The biggest thing to think about is, look at your data, it follows where your information workers go. And so, the controls that you’ve put in place at work, now they need to work at home. That’s one aspect.
The second aspect that is to look at where these sensitive conversations are happening. We saw a huge shift moving from not sharing of documents and emails, but a huge rise in chats and sensitive chats happening within our Teams workload.
When you look at one example that I can think about are board meetings and calls. These confidential meetings have now moved home. One has to think about the sensitivity of the discussion, which sensitive data should be allowed to share, and what are the aspects in which you need to save these records. All of those concentrations come in context of the sensitivity around the data and the discussion.
When customers are thinking about information protection we provide, does it really fit their needs? Because our controls work on all sorts of egress endpoints, whether they are our data at rest or data in transit, across emails, chats, and their third-party apps. One of the things we are doing with information protection is really building that unified policy that allows an admin to protect the data across all of their egress vectors.
RANDALL: Joel, where do you see customer challenges in information protection, in regard to the capabilities across a plethora of data sources? Maybe you can share some of your customer stories with us.
JOEL: Yeah, so the platform has the capabilities, and the capabilities continue to improve and improve. But what I’ve noticed is, organizations often are slow to even understand the capabilities. Just like I talk about organizational change management and adoption, a lot of it is educating those who are in charge of the technology to be able to understand they need to enable things, that the default settings often aren’t sufficient to be able to get the capabilities.
The Compliance Center, as an example, has been great for being able to do a quick assessment and understand industry-based requirements or organization-based requirements, to be able to say, what are the things we need to be able to do to ensure compliance across our Teams chats or across the videos that we may be storing and recording? And while it is different in different organizations, there’s some necessary requirements to be able to have success.
Success often starts with teaching IT or those in charge of the platform how to enable these things and getting that first line that are responsible for the technology platform aligned with the needs, so there’s information protection and governance really around the platform, making sure that the customer understands what’s necessary. As a consulting group, we often will spend time with IT to educate them on how to manage the platform.

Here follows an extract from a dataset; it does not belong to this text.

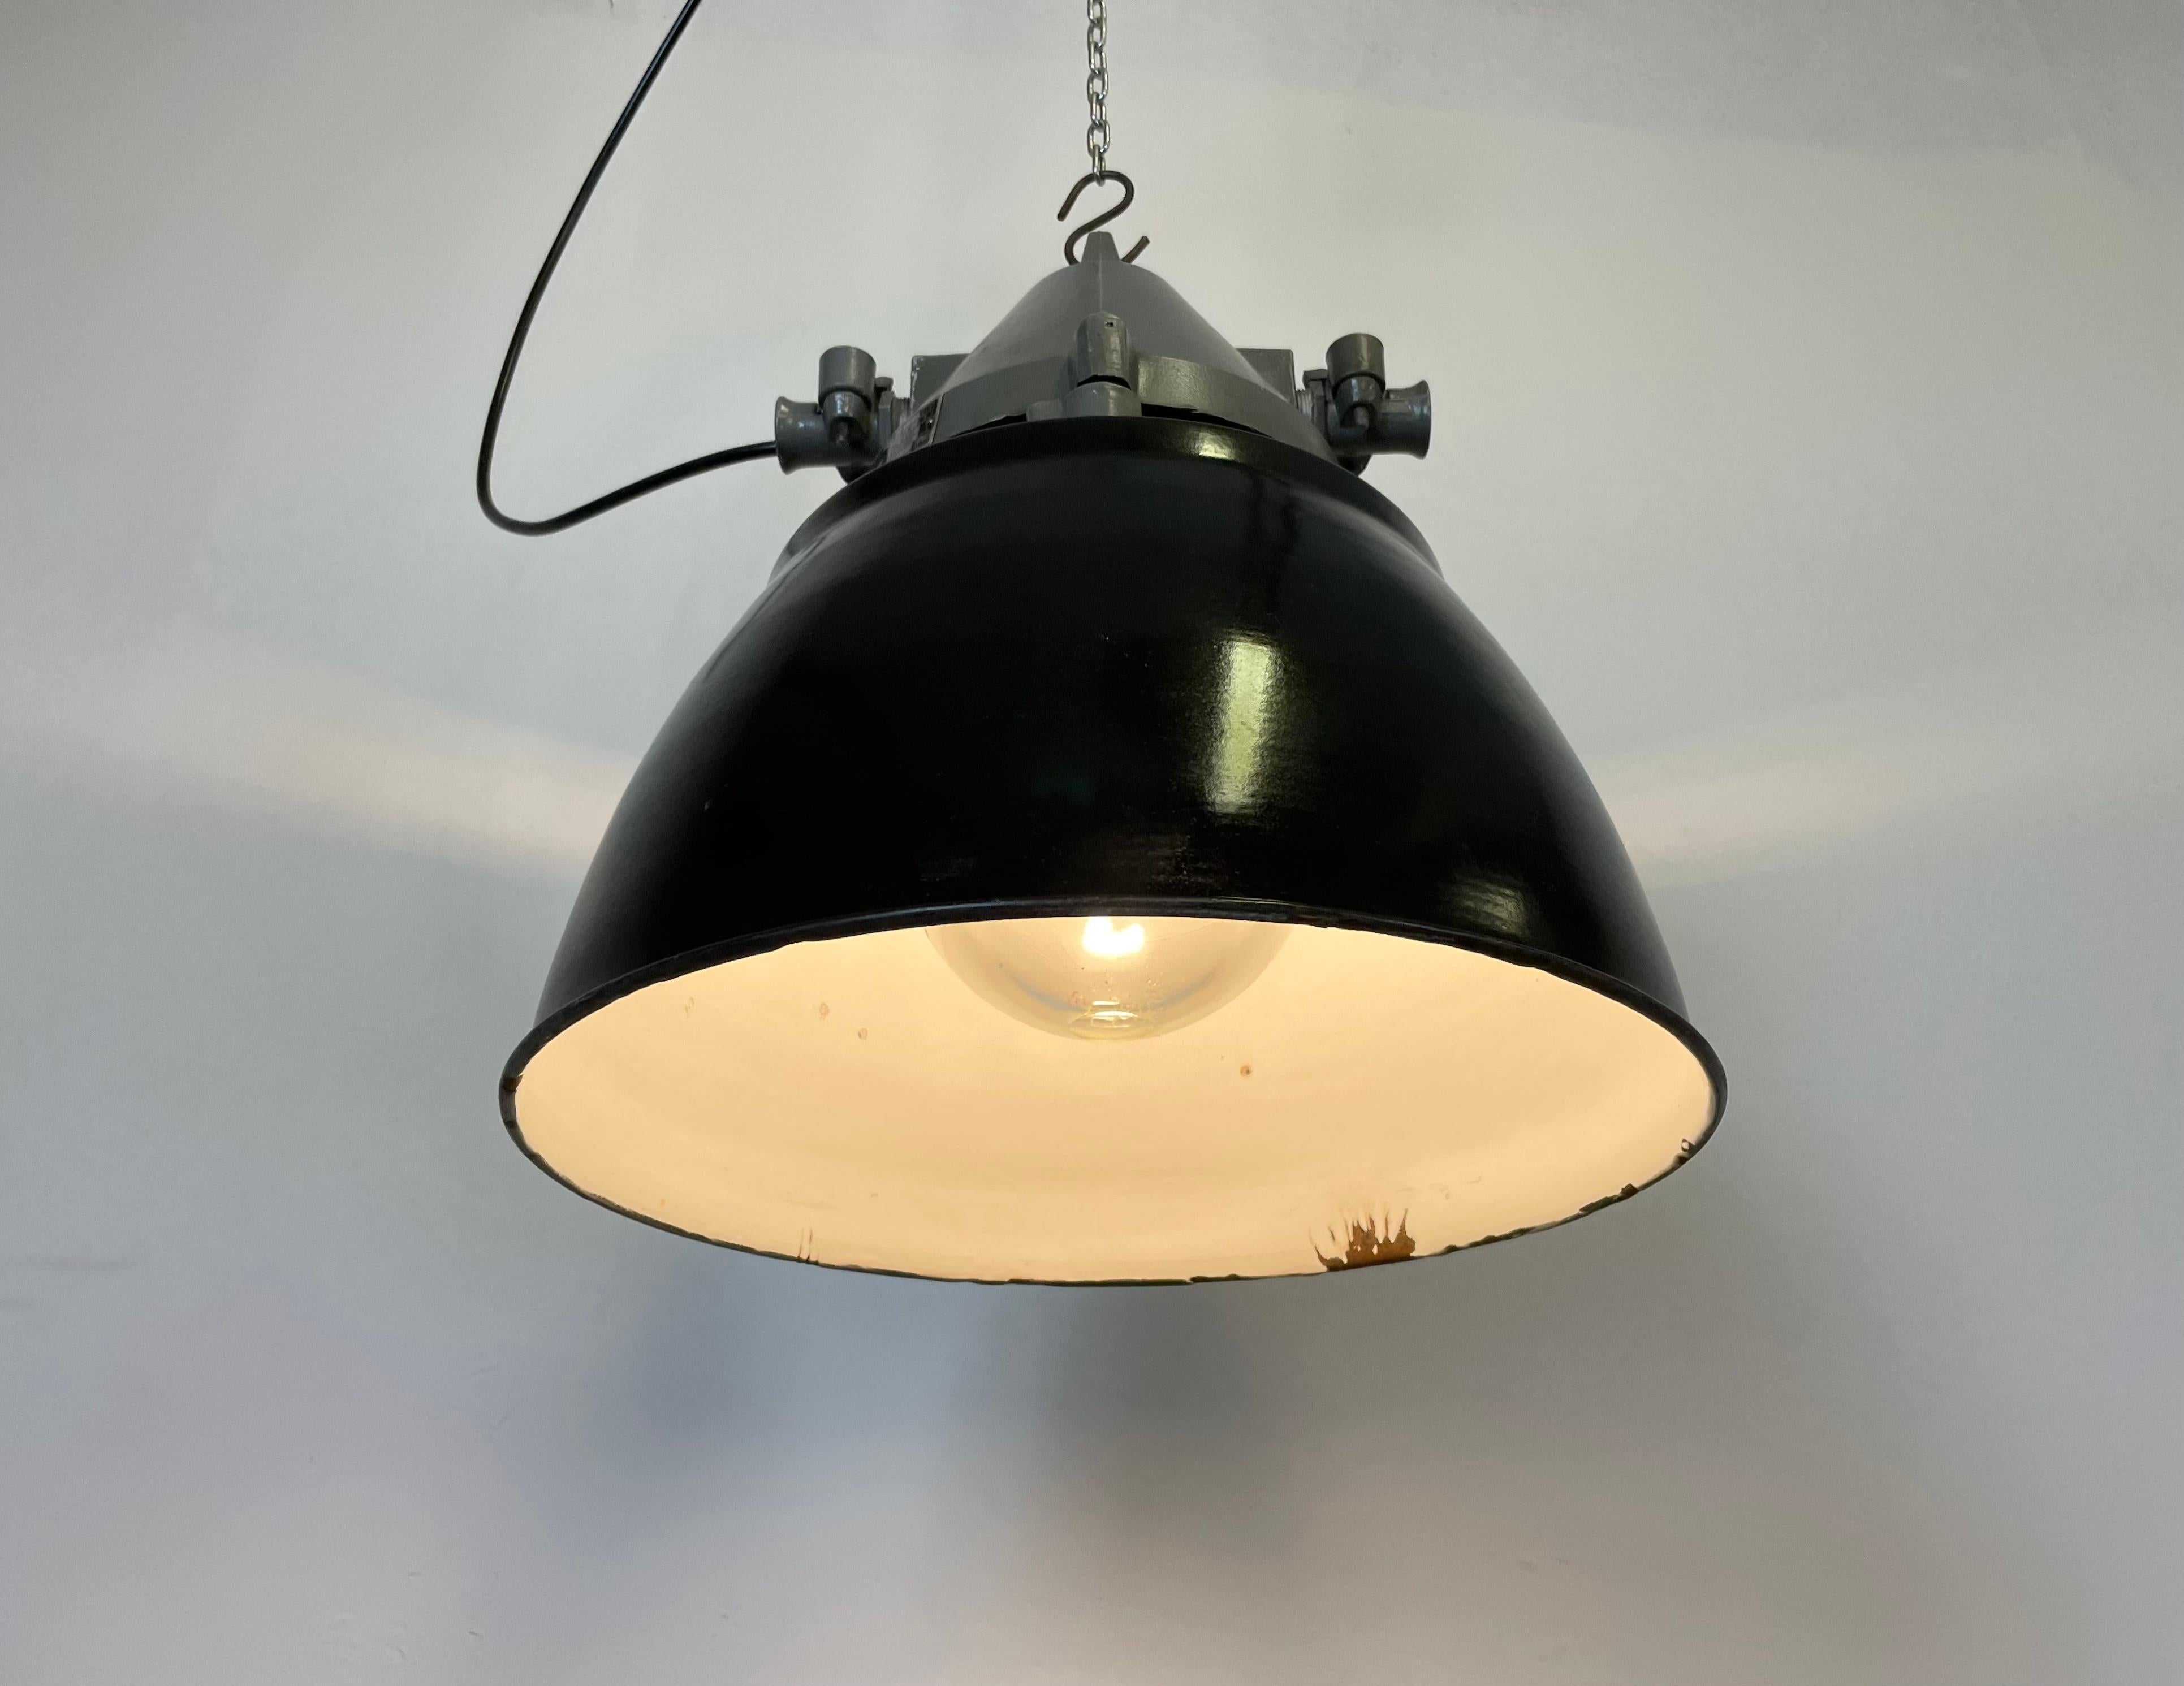 Dark Grey Explosion Proof Lamp with Black Enameled Shade, 1970s For Sale 6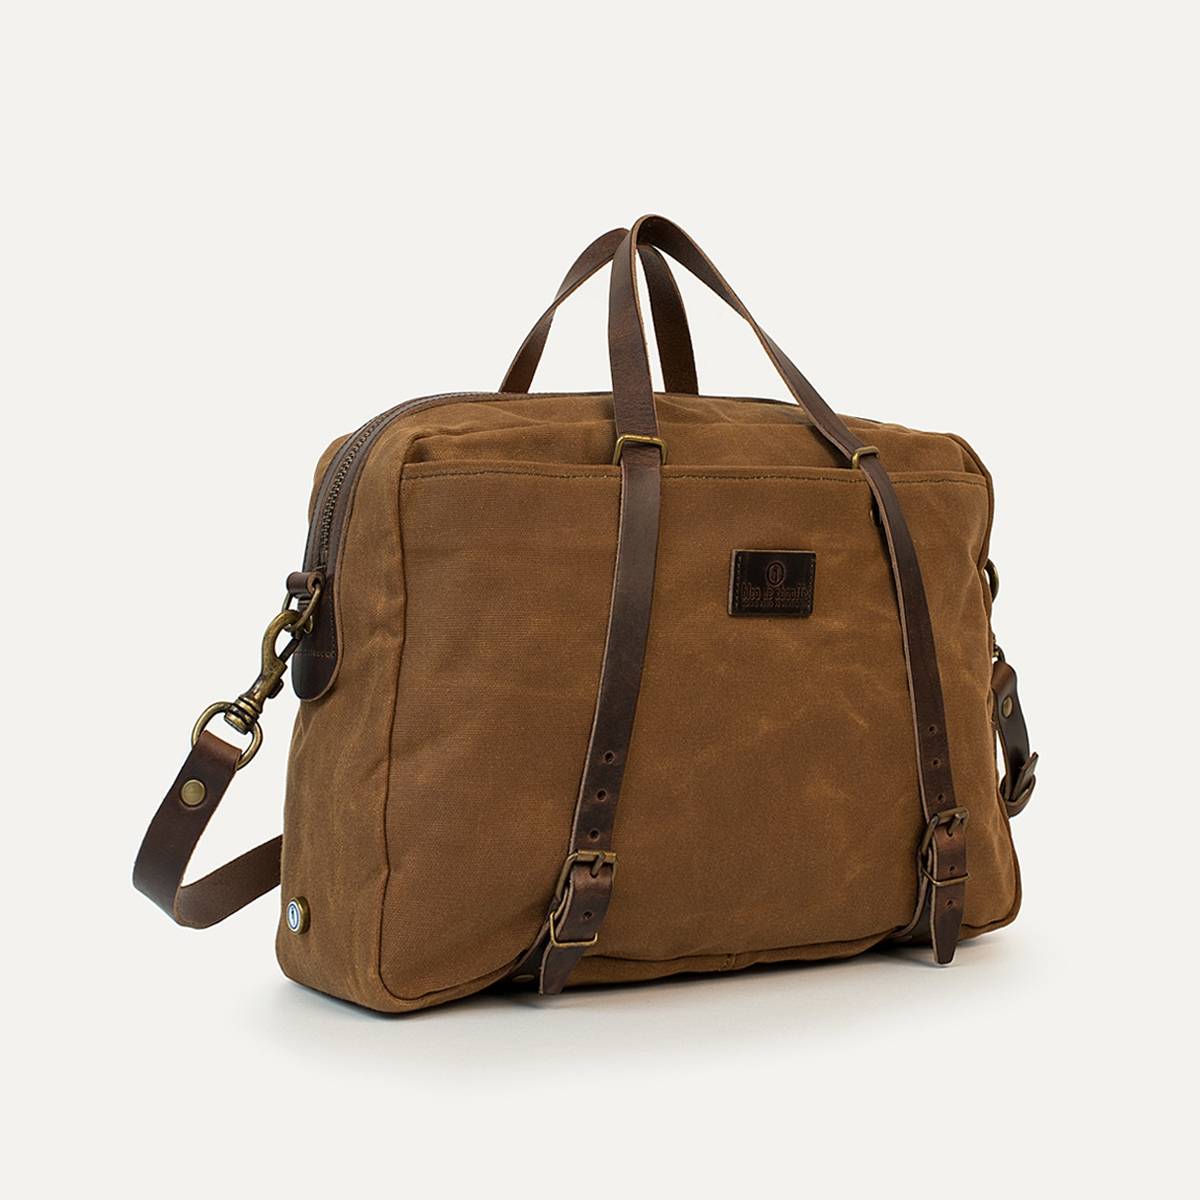 Business bag Report WAXY - Camel (image n°1)

BHAVANESH: Thanks a lot, Joel. What I hear you say, is that we’ve had traditional DLP (data loss prevention), which has been running in Exchange and SharePoint Server for so many years now. Now, as we see this uptake in remote conversations over Teams, it’s really important that we infuse all these feature sets into Teams DLP, and more importantly, with respect to adoption, try to create that awareness with customers so that they understand exactly what knobs turn on and when.
Maithili, are you really betting heavily on solving some of these issues for our customers?
MAITHILI: I would say absolutely. I think one of the things that we see, and as Joel mentioned, automation is going to be key to helping our customers at this problem.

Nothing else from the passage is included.